YOUR OBJECTIVE: From the line containing "Okinawa Cellular Telephone Company" down to the line containing "Call Of Duty" in the records below, reproduce every line exactly, ends included, and omit all others.

DATA SUPPLIED:
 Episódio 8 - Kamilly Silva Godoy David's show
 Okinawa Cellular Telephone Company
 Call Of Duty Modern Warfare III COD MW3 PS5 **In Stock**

...

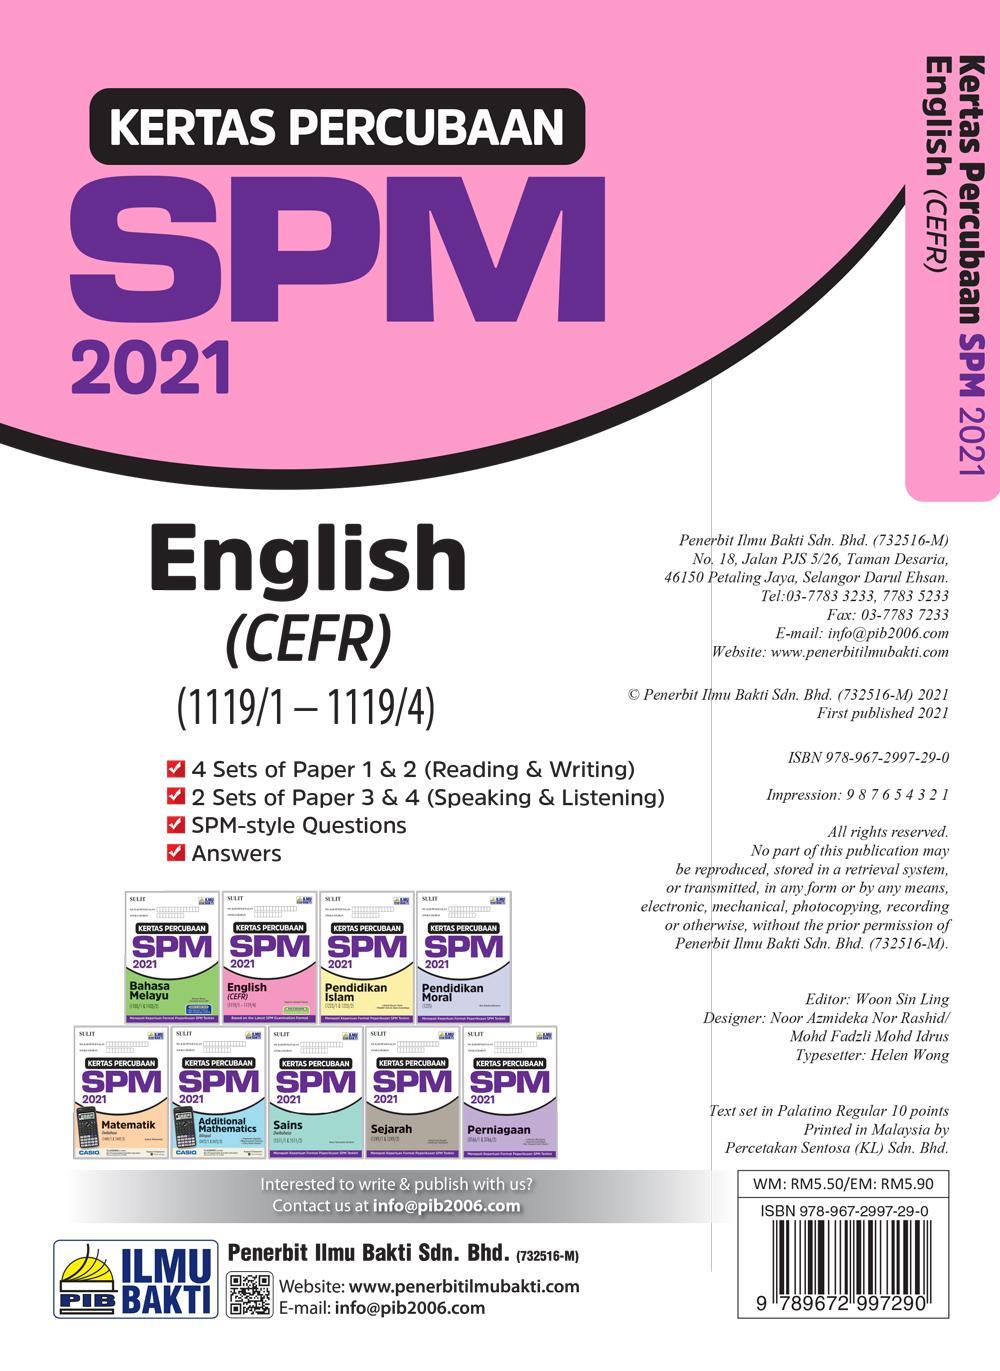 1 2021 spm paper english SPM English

--

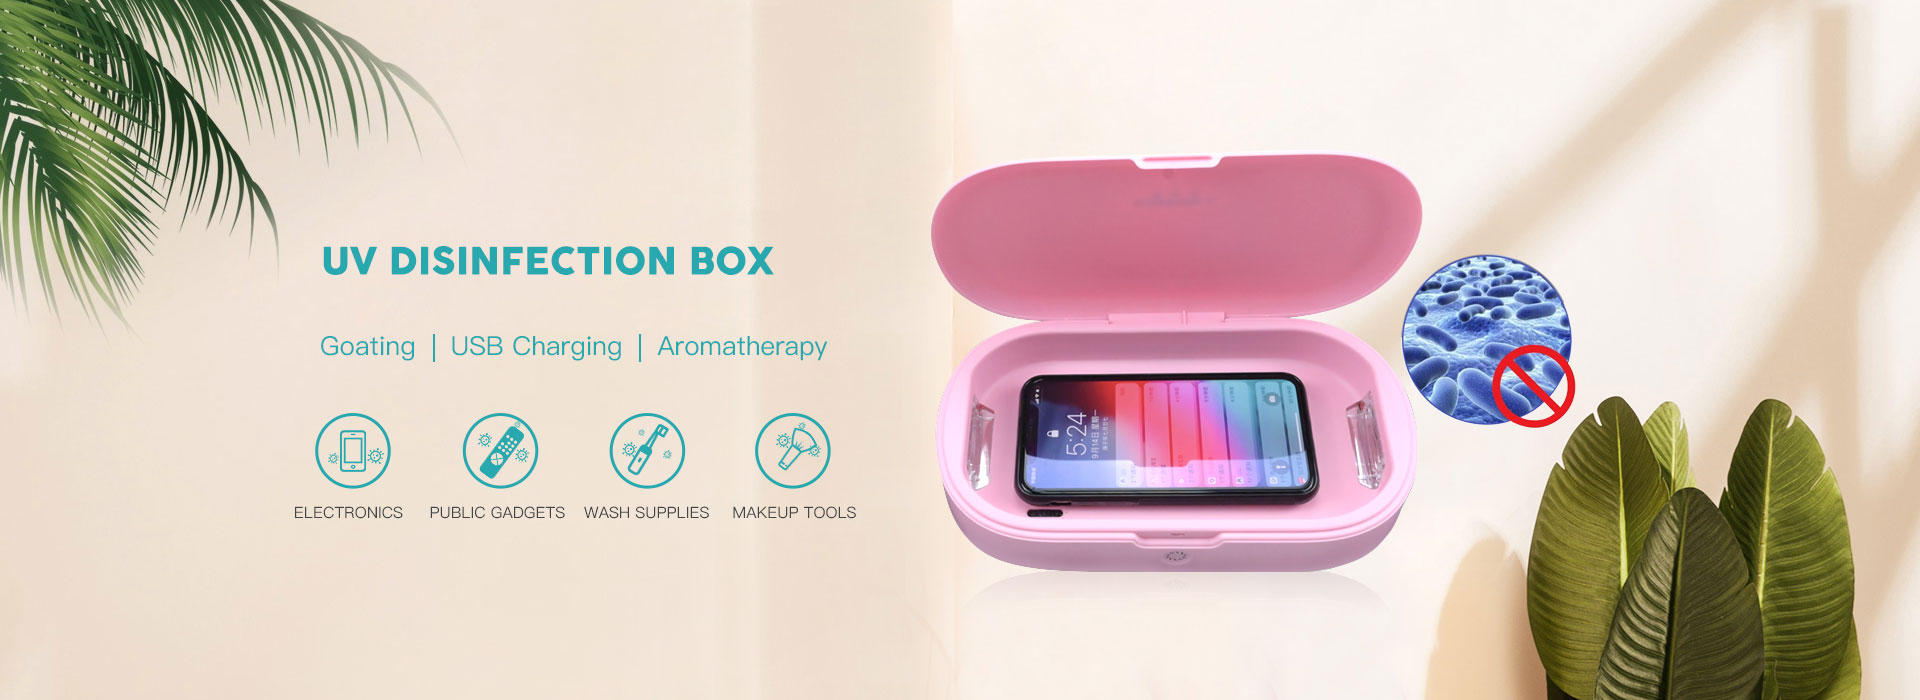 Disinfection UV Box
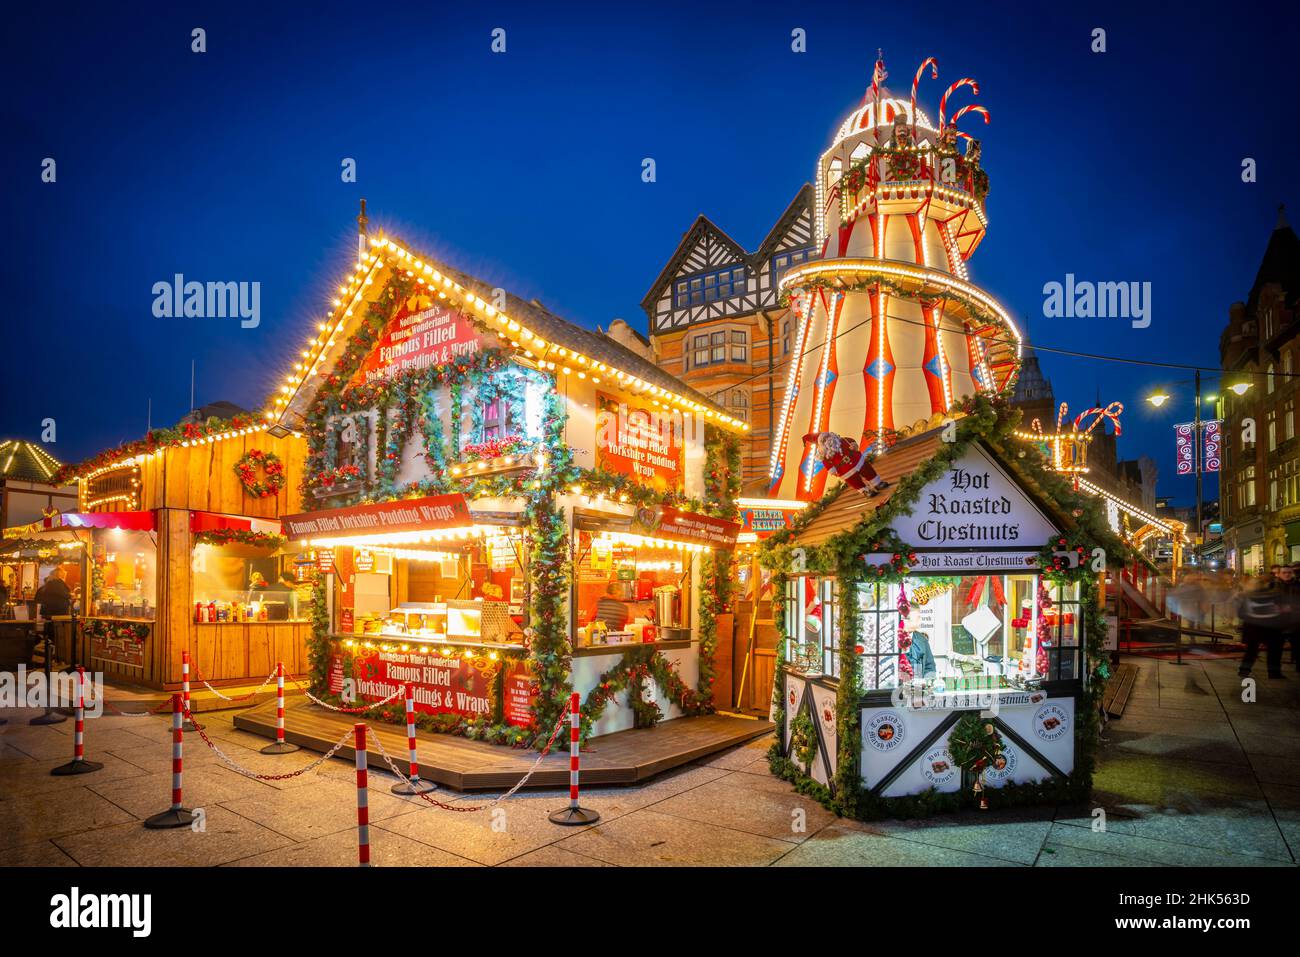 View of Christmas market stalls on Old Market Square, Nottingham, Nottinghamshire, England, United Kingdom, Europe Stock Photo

ANSWER BELOW:
 Okinawa Cellular Telephone Company
 Call Of Duty Modern Warfare III COD MW3 PS5 **In Stock**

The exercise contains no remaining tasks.